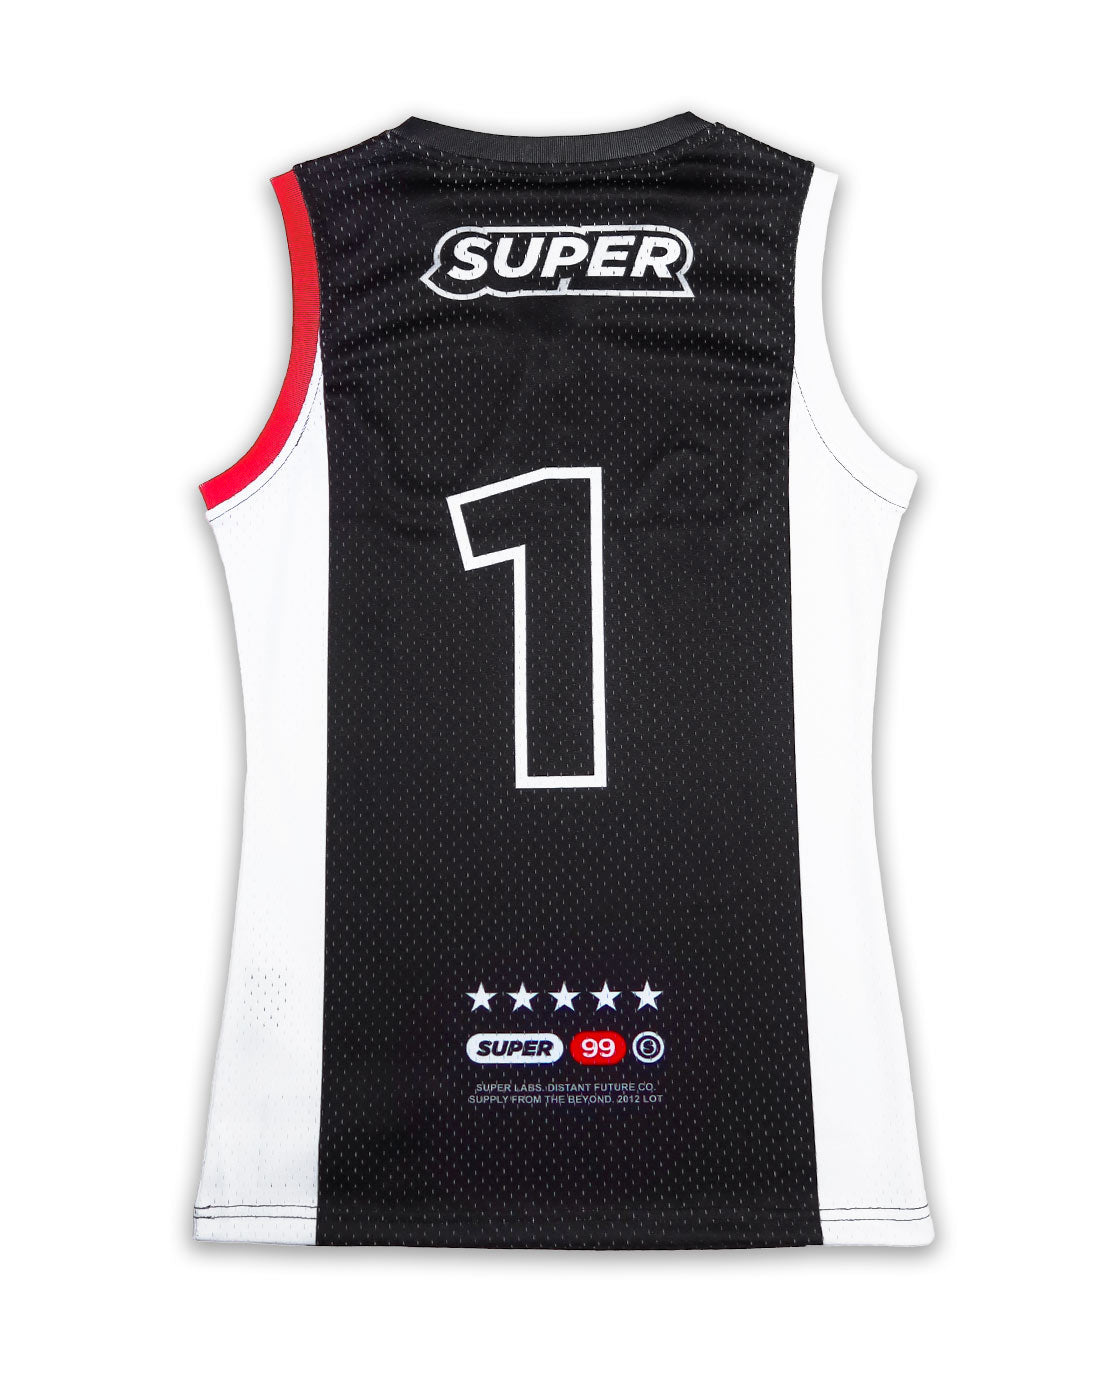 Rear view of a women's basketball jersey in classic black and white, featuring lightweight mesh fabric, sleeveless design, and number 1 printed on the torso.
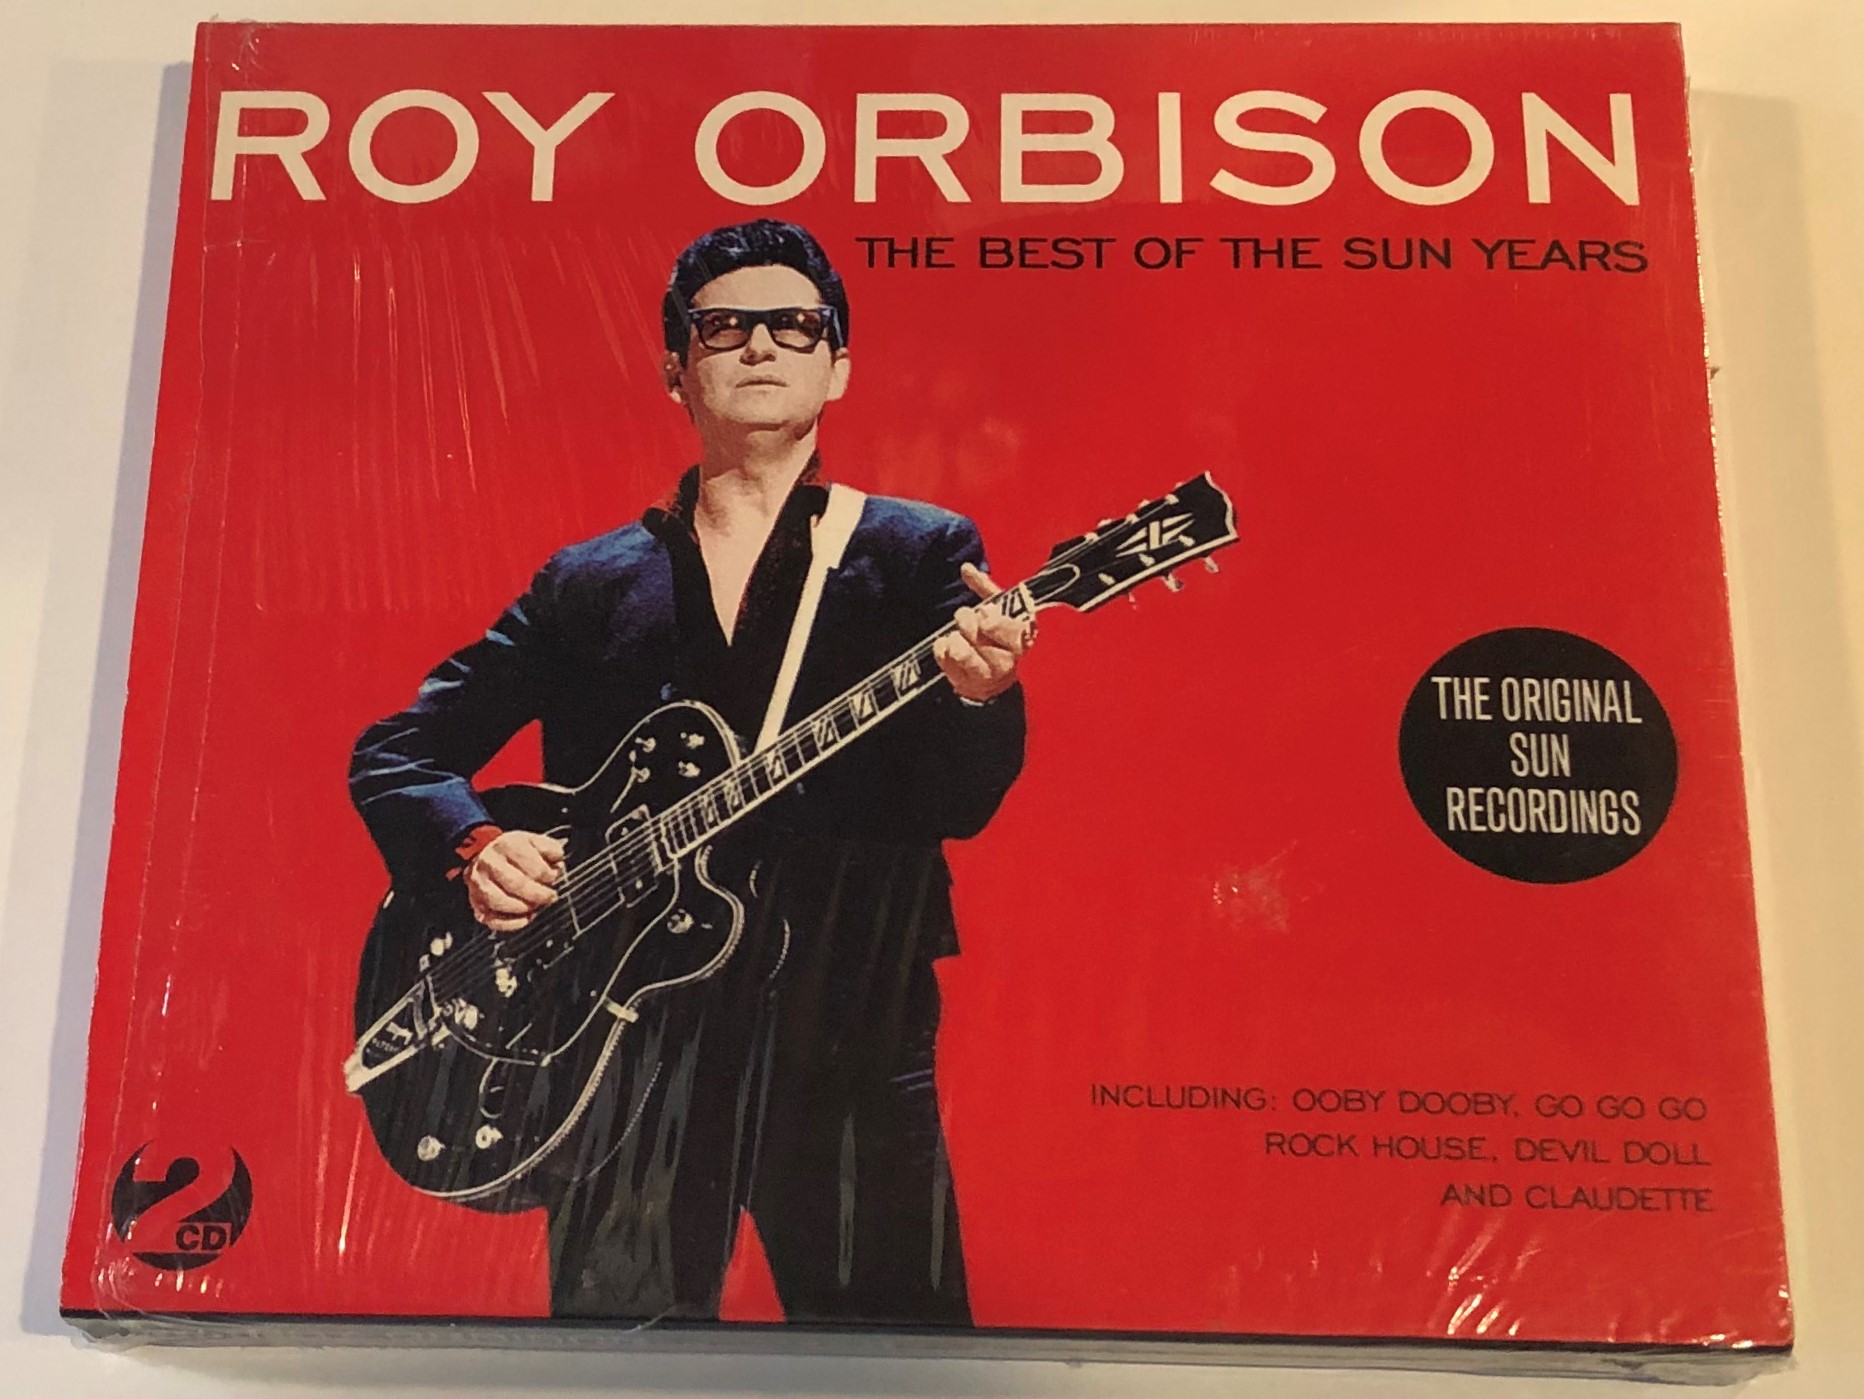 roy-orbison-the-best-of-the-sun-years-the-original-sun-recordings-including-ooby-dooby-go-go-go-rock-house-devil-doll-and-claudette-not-now-music-2x-audio-cd-2008-not2cd255-1-.jpg
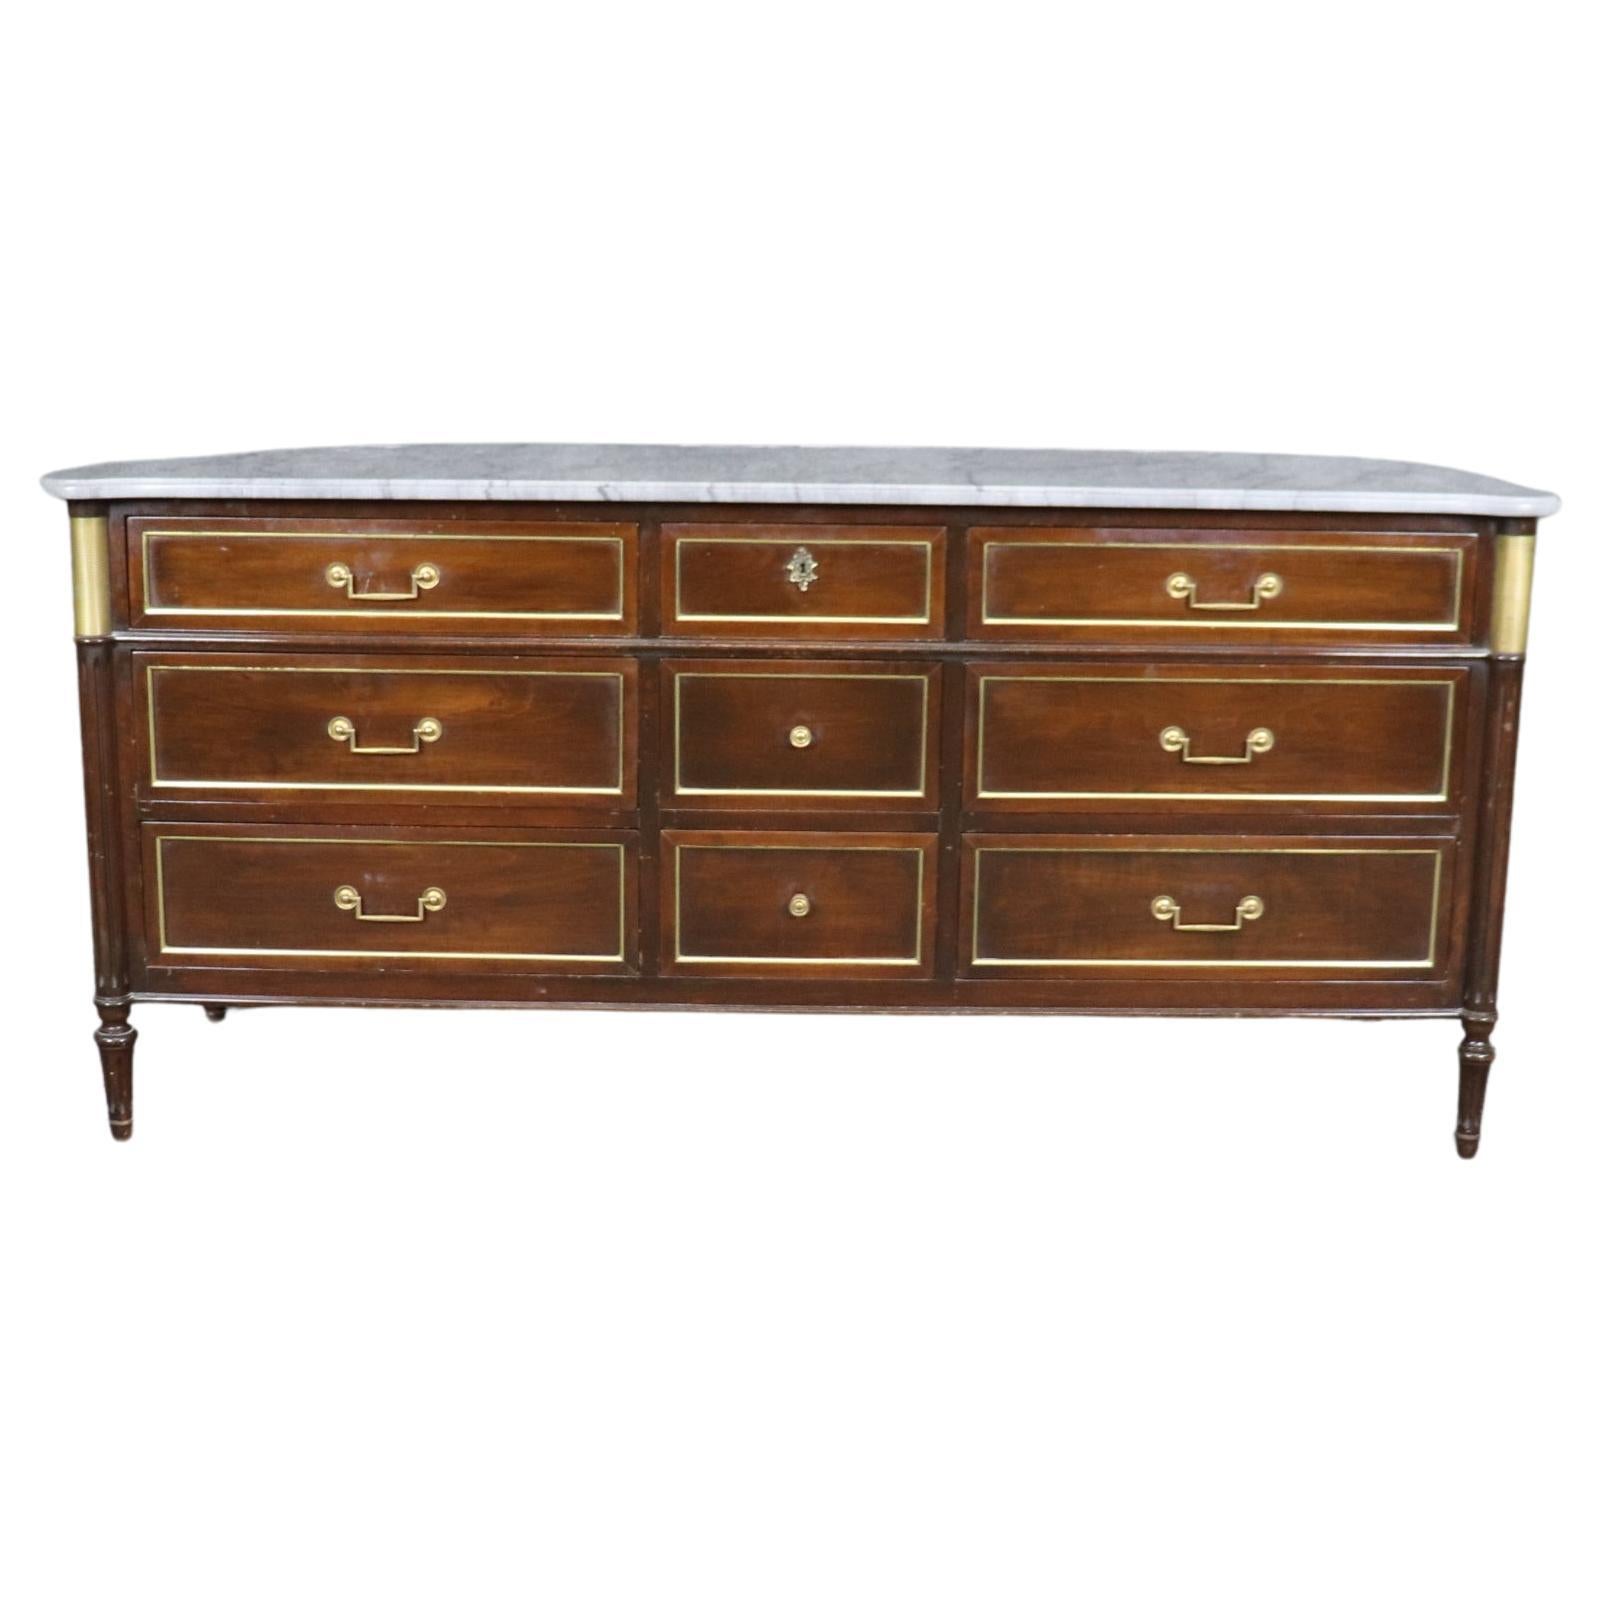 Maison Jansen Style Mahogany with Brass and Bronze Ormolu Triple Dresser For Sale

◆ **Assigned task**
Leaving out the pictures, restate the listing above exactly.

◆ **Solved problem**
 Rear view of a women's basketball jersey in classic black and white, featuring lightweight mesh fabric, sleeveless design, and number 1 printed on the torso.
 roy-orbison-the-best-of-the-sun-years-the-original-sun-recordings-including-ooby-dooby-go-go-go-rock-house-devil-doll-and-claudette-not-now-music-2x-audio-cd-2008-not2cd255-1-.jpg
 Maison Jansen Style Mahogany with Brass and Bronze Ormolu Triple Dresser For Sale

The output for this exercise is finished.